╔══

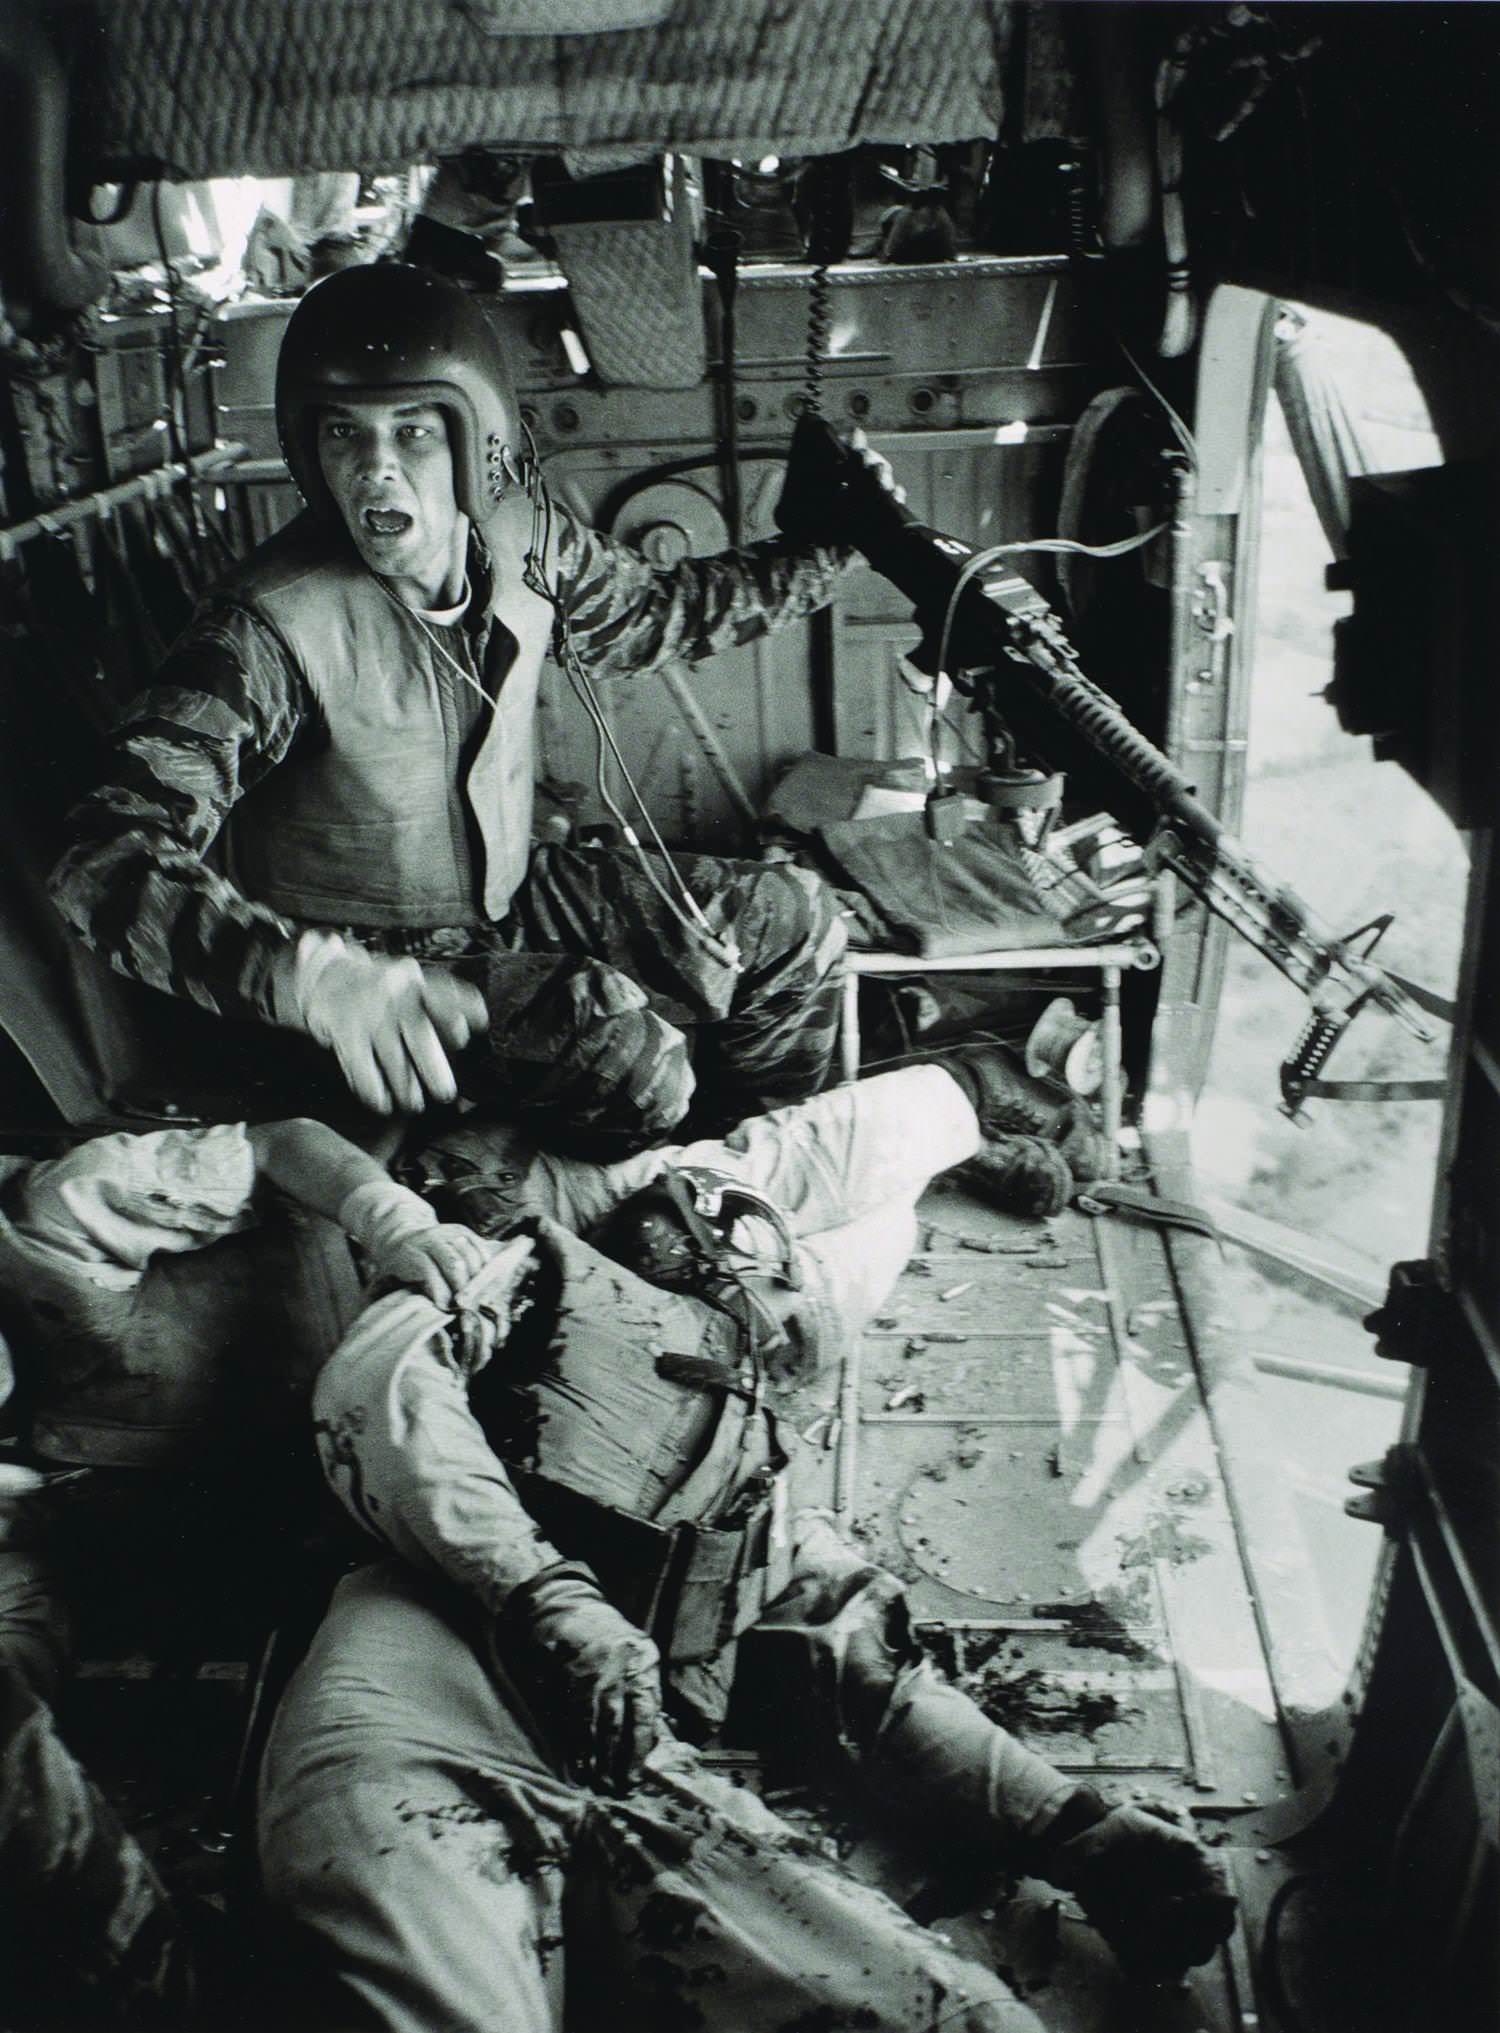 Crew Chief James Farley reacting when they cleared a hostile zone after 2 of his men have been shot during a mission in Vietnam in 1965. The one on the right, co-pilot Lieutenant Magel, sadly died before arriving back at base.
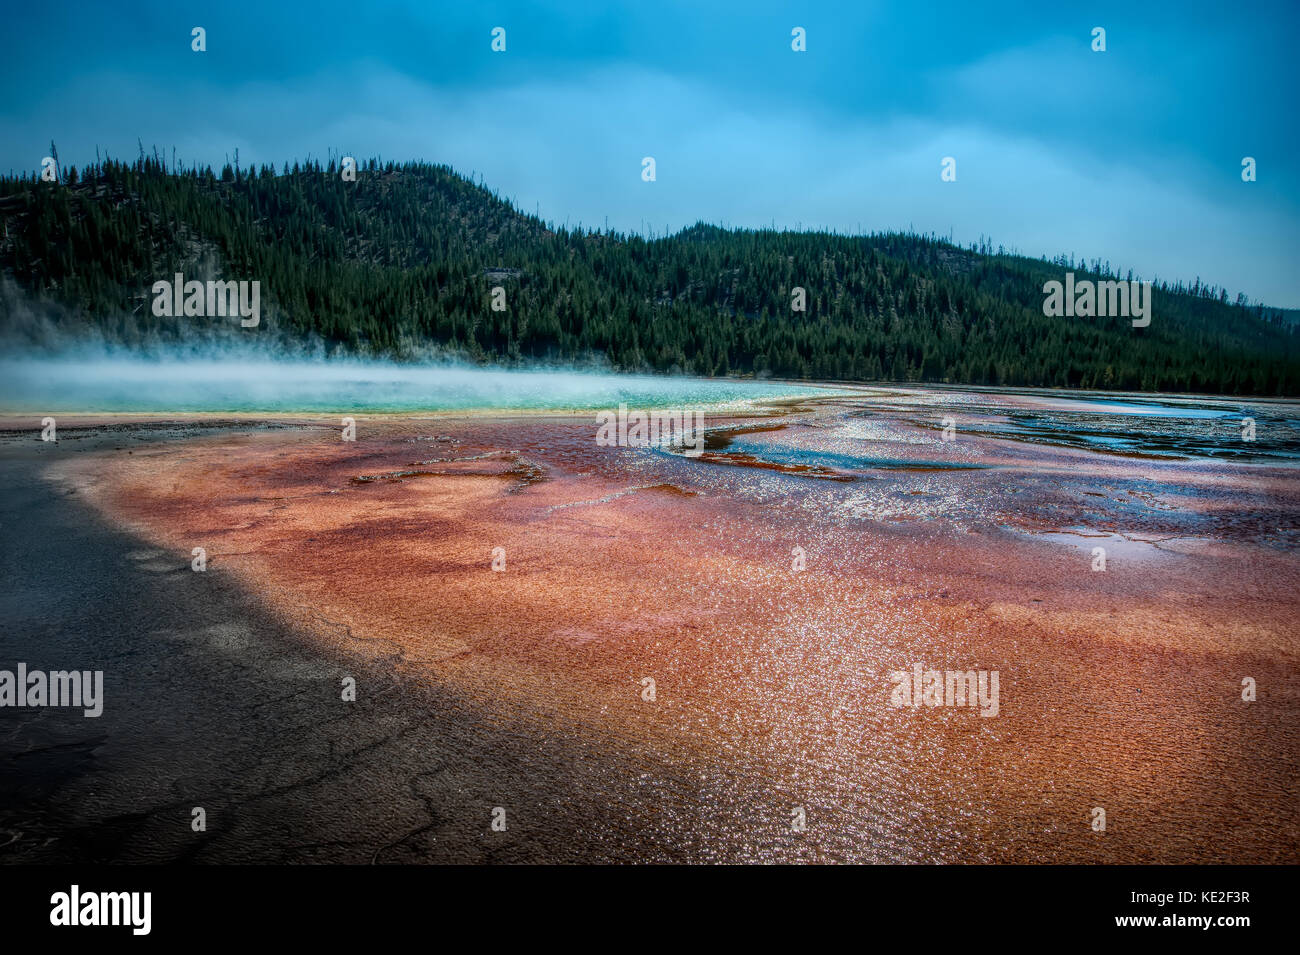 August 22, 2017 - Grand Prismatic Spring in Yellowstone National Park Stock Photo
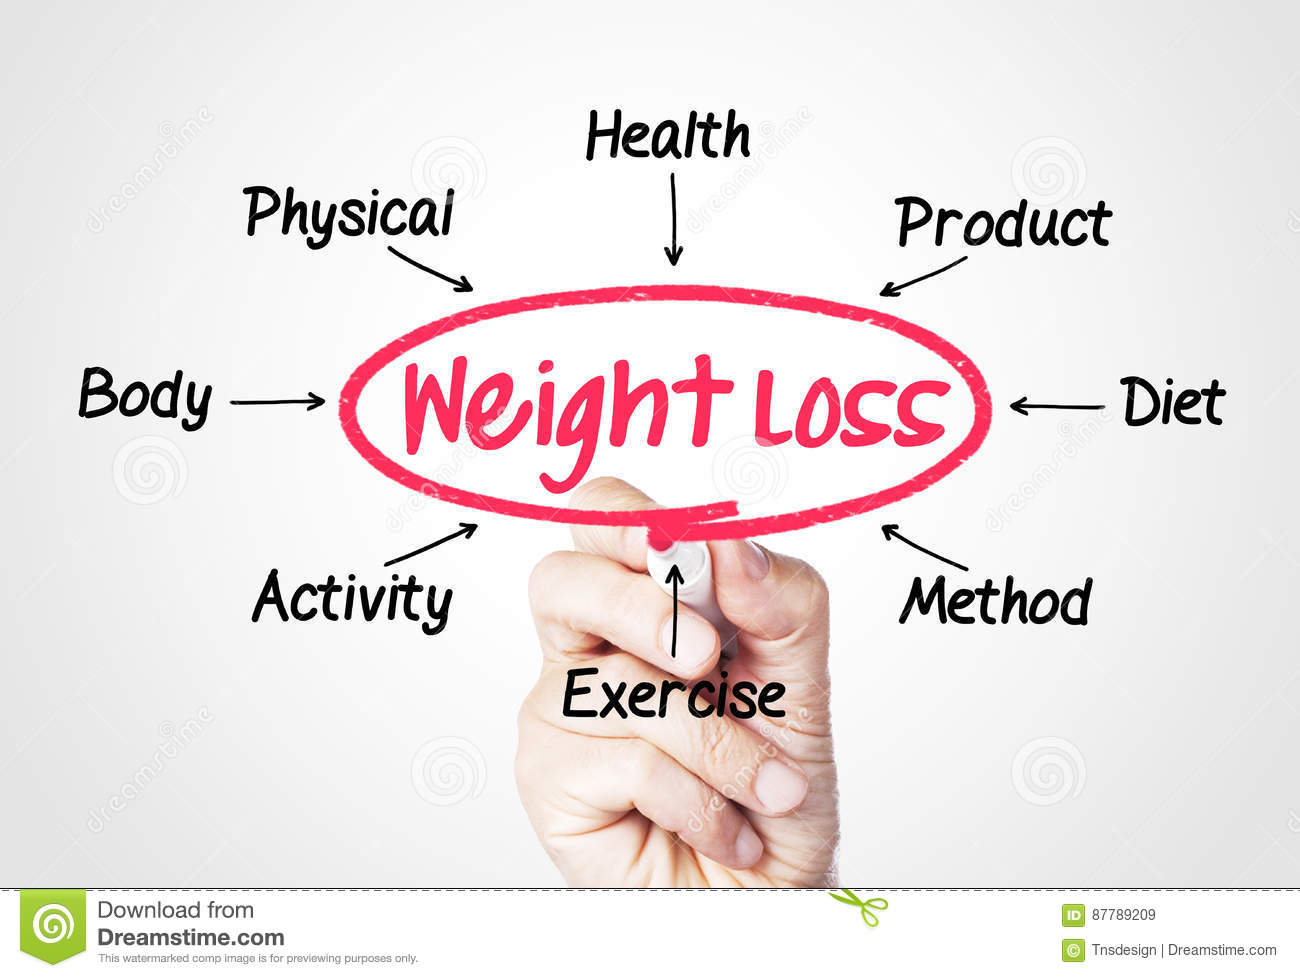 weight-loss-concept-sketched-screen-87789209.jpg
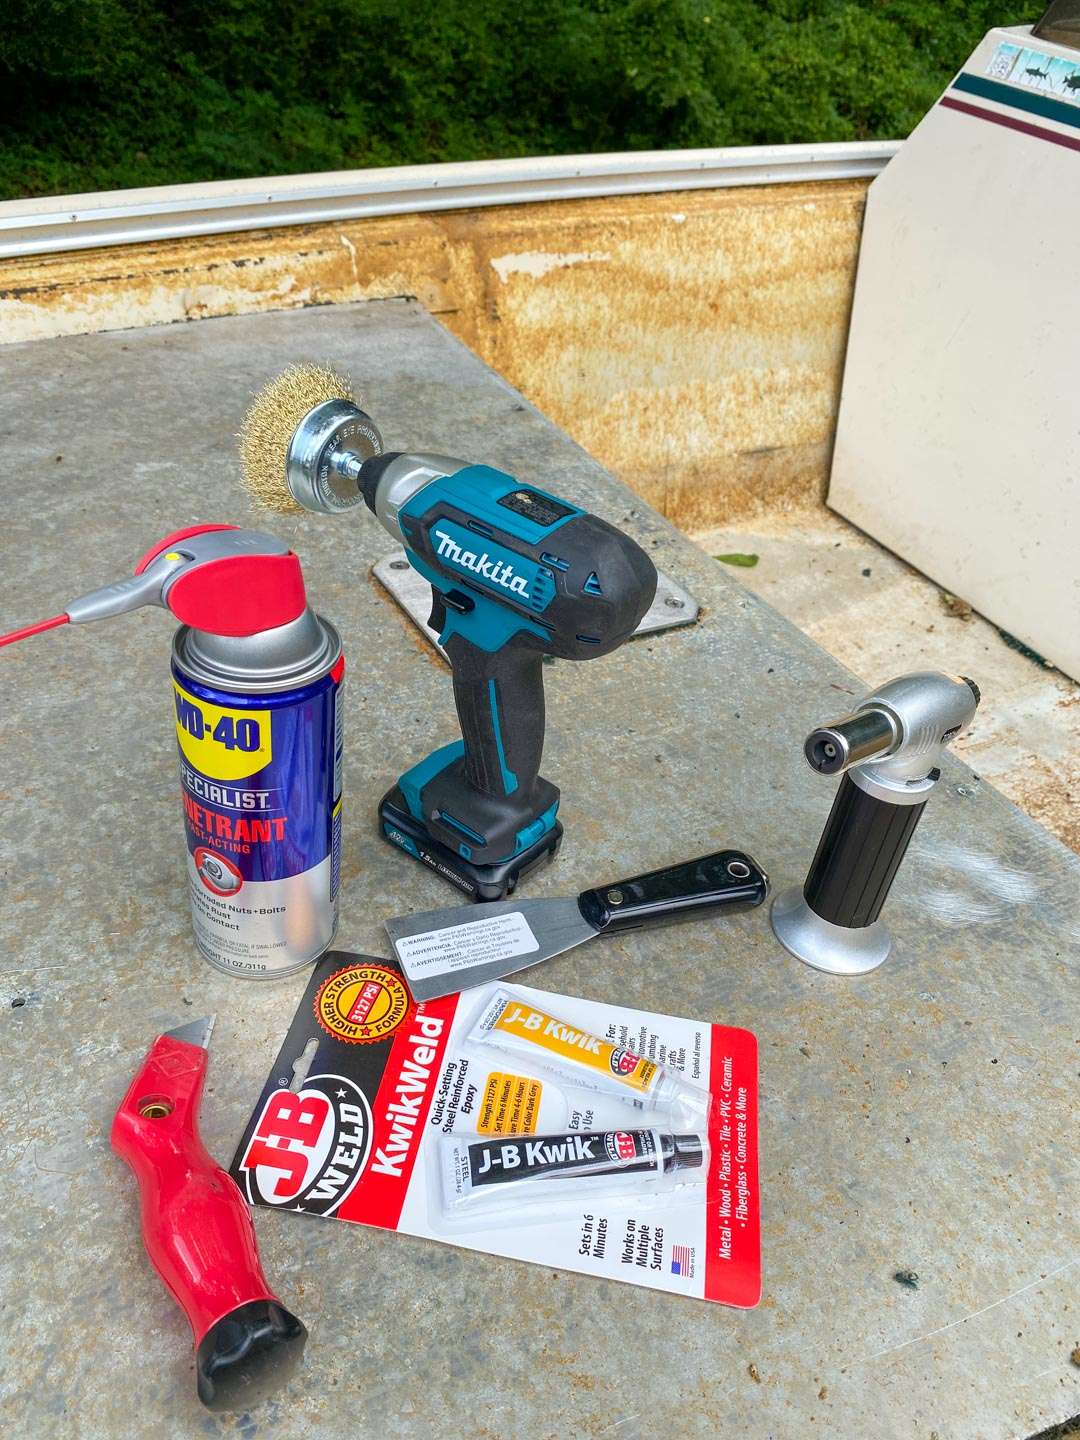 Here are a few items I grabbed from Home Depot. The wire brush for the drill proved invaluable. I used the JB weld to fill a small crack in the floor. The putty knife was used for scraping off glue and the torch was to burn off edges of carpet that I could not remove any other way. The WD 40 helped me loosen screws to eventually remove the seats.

╚══

**DESCRIPTION OF THE TASK**
Pass over the images and copy the rest of the material above exactly.

**TASK OUTPUT**
 Crew Chief James Farley reacting when they cleared a hostile zone after 2 of his men have been shot during a mission in Vietnam in 1965. The one on the right, co-pilot Lieutenant Magel, sadly died before arriving back at base.
 August 22, 2017 - Grand Prismatic Spring in Yellowstone National Park Stock Photo
 weight-loss-concept-sketched-screen-87789209.jpg
 Here are a few items I grabbed from Home Depot. The wire brush for the drill proved invaluable. I used the JB weld to fill a small crack in the floor. The putty knife was used for scraping off glue and the torch was to burn off edges of carpet that I could not remove any other way. The WD 40 helped me loosen screws to eventually remove the seats.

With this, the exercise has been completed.